Structural Biology and Innate Immunity

The research in my lab focuses on elucidating the structural basis of innate immune responses towards microbial nucleic acids. The cGAS/STING pathway plays a central role in innate immunity toward bacterial and viral DNA. cGAS is activated by dsDNA and catalyzes the synthesis of a cyclic dinucleotide cGAMP, which binds to the adaptor STING that mediates the recruitment and activation of protein kinase TBK1 and transcription factor IRF-3. Activated IRF-3 translocates to the nucleus and induces the expression of type I interferons (IFN), an important family of antiviral cytokine. To elucidate the mechanism of cGAS activation, we determined the structures of cGAS in isolation and in complex with DNA. The cGAS/DNA complex structure reveals that cGAS interacts with DNA through two binding sites. Enzyme assays and IFN-β reporter assays of cGAS mutants demonstrate that interactions at both DNA binding sites are essential for cGAS activation. To investigate how cGAMP activates STING, we determined the structures of STING in isolation and in complex with cGAMP. These structures reveal that STING forms a V-shaped dimer and binds cGAMP at the dimer interface. We have also determined the structures of TBK1 in complex with two inhibitors, which show that TBK1 exhibits an IκB kinase fold with distinct domain arrangement. To elucidate the mechanism of IRF-3 recruitment by STING, we determined the structure of a phosphorylated STING peptide bound to IRF-3. To understand how phosphorylation activates IRF-3, we solved the structure of an IRF-3 phosphomimetic mutant bound to CBP, which reveals how phosphorylation induces the dimerization and activation of IRF-3.
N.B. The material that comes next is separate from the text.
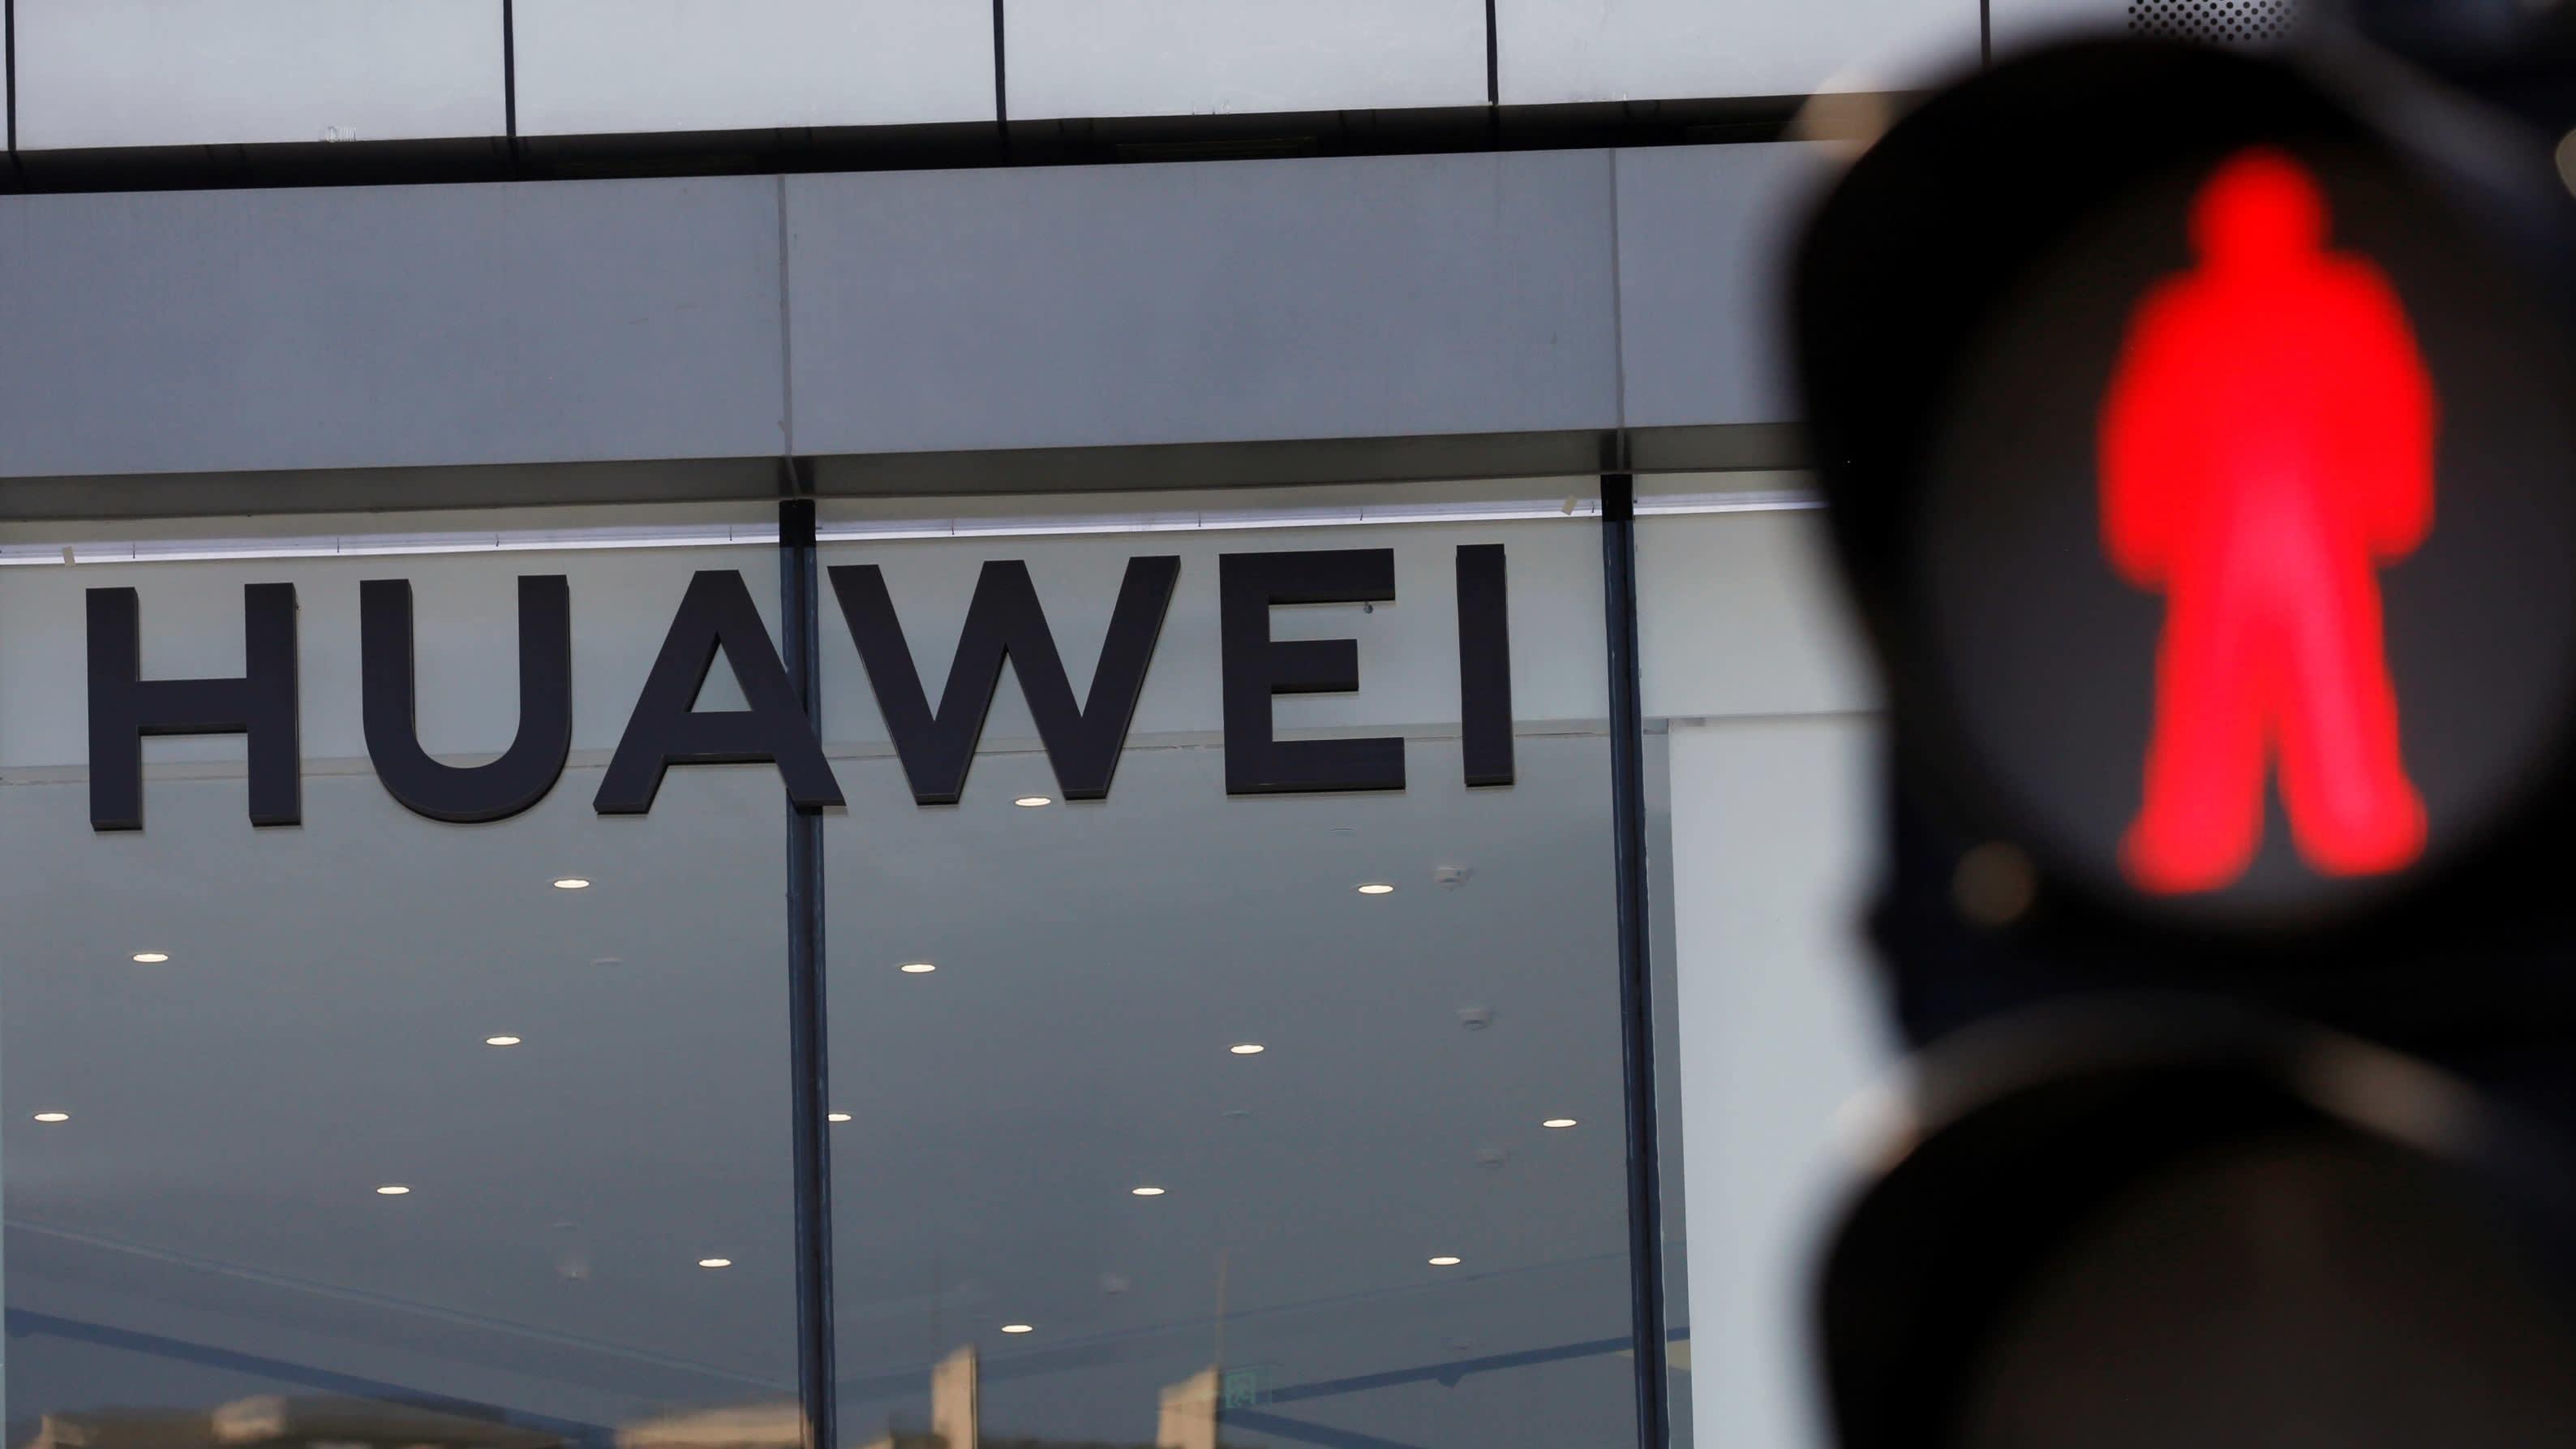 Huawei trước 'thời khắc sinh tử': Những cuộc gọi 4 giờ sáng không còn bất thường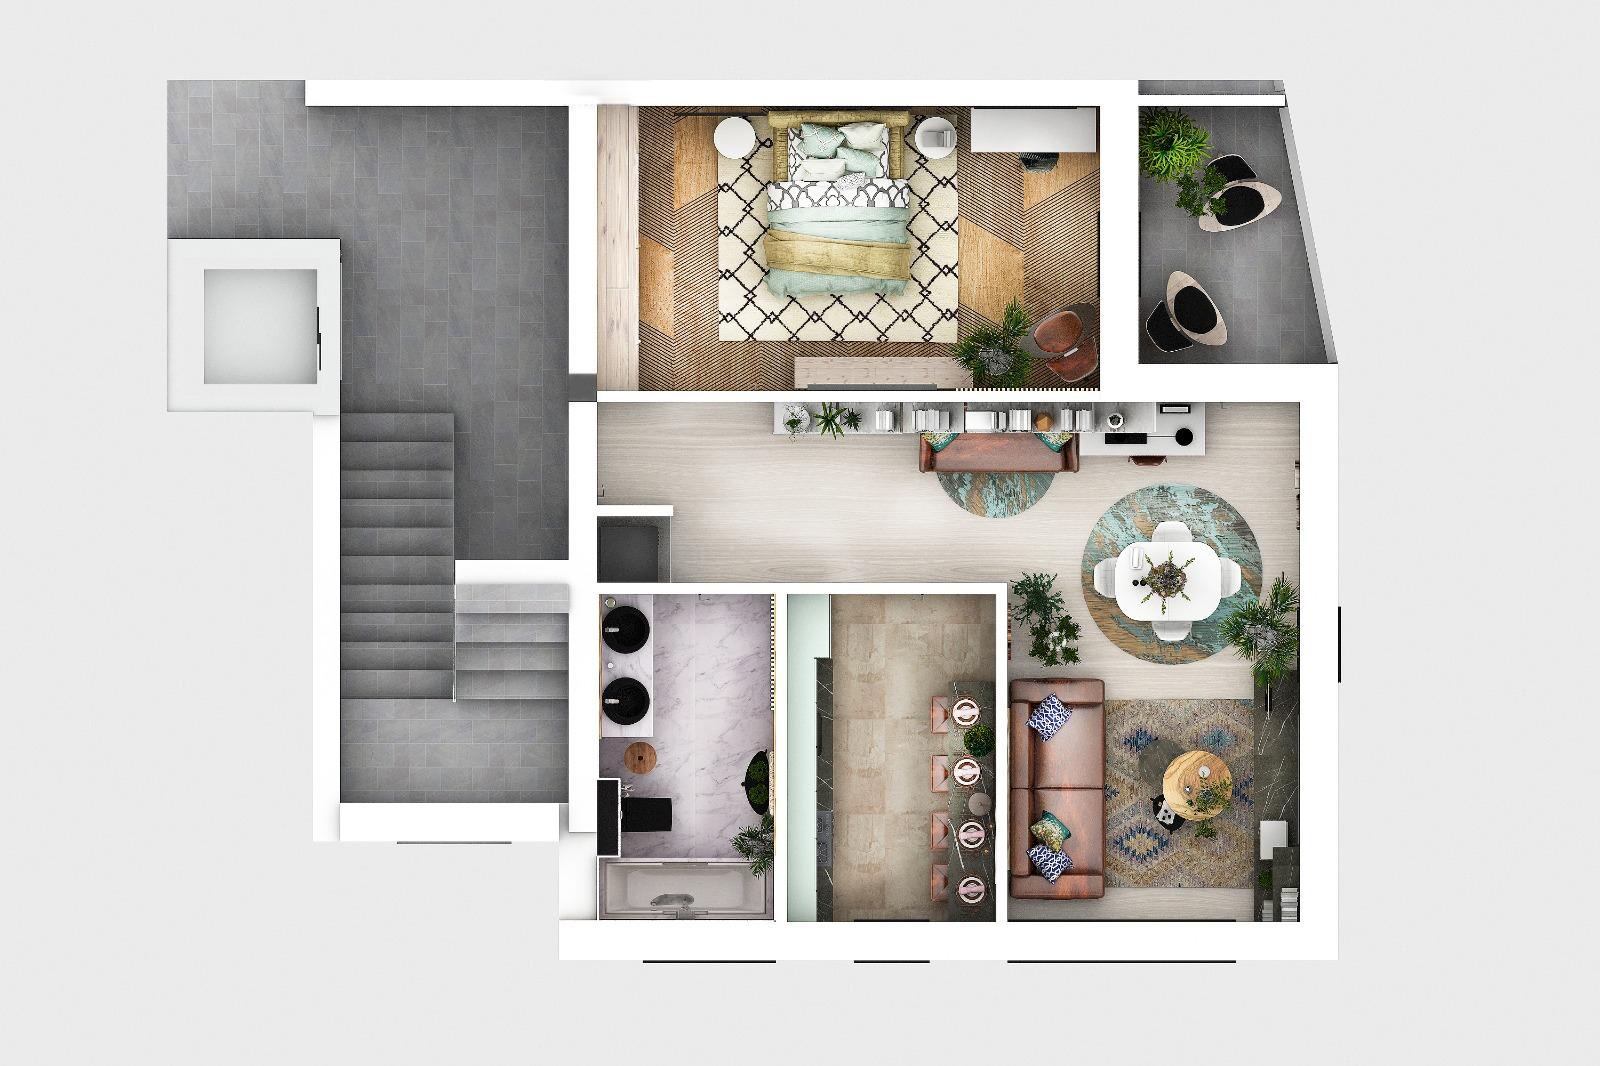 Turnisor Et.2- Ap. NOU 2 camere decomandate 65 mp+ balcon

Our comprehensive structural and functional studies provided critical insights into the mechanisms of DNA sensing through the cGAS/STING pathway. However, the detailed mechanisms of how cytosolic DNA mediates the induction of IFNs are still not fully understood. For example, it is not clear how cGAMP binding by STING initiates the signaling cascade. It is also not clear how the cGAS/STING pathway is regulated at molecular level. The current research in my lab aims to understand how cGAMP activates STING mediated signaling. We use biochemical, biophysical, structural, and cellular approaches to elucidate the molecular mechanisms of innate immunity towards microbial nucleic acids. In addition, we are also interested in studying other signaling pathways that are important in innate immunity.

Recent Publications

  1. Guo, X, Shu, C, Li, H, Pei, Y, Woo, SL, Zheng, J et al.. Cyclic GMP-AMP Ameliorates Diet-induced Metabolic Dysregulation and Regulates Proinflammatory Responses Distinctly from STING Activation. Sci Rep. 2017;7 (1):6355.
    doi: 10.1038/s41598-017-05884-y. PubMed PMID:28743914. PubMed Central PMC5526935.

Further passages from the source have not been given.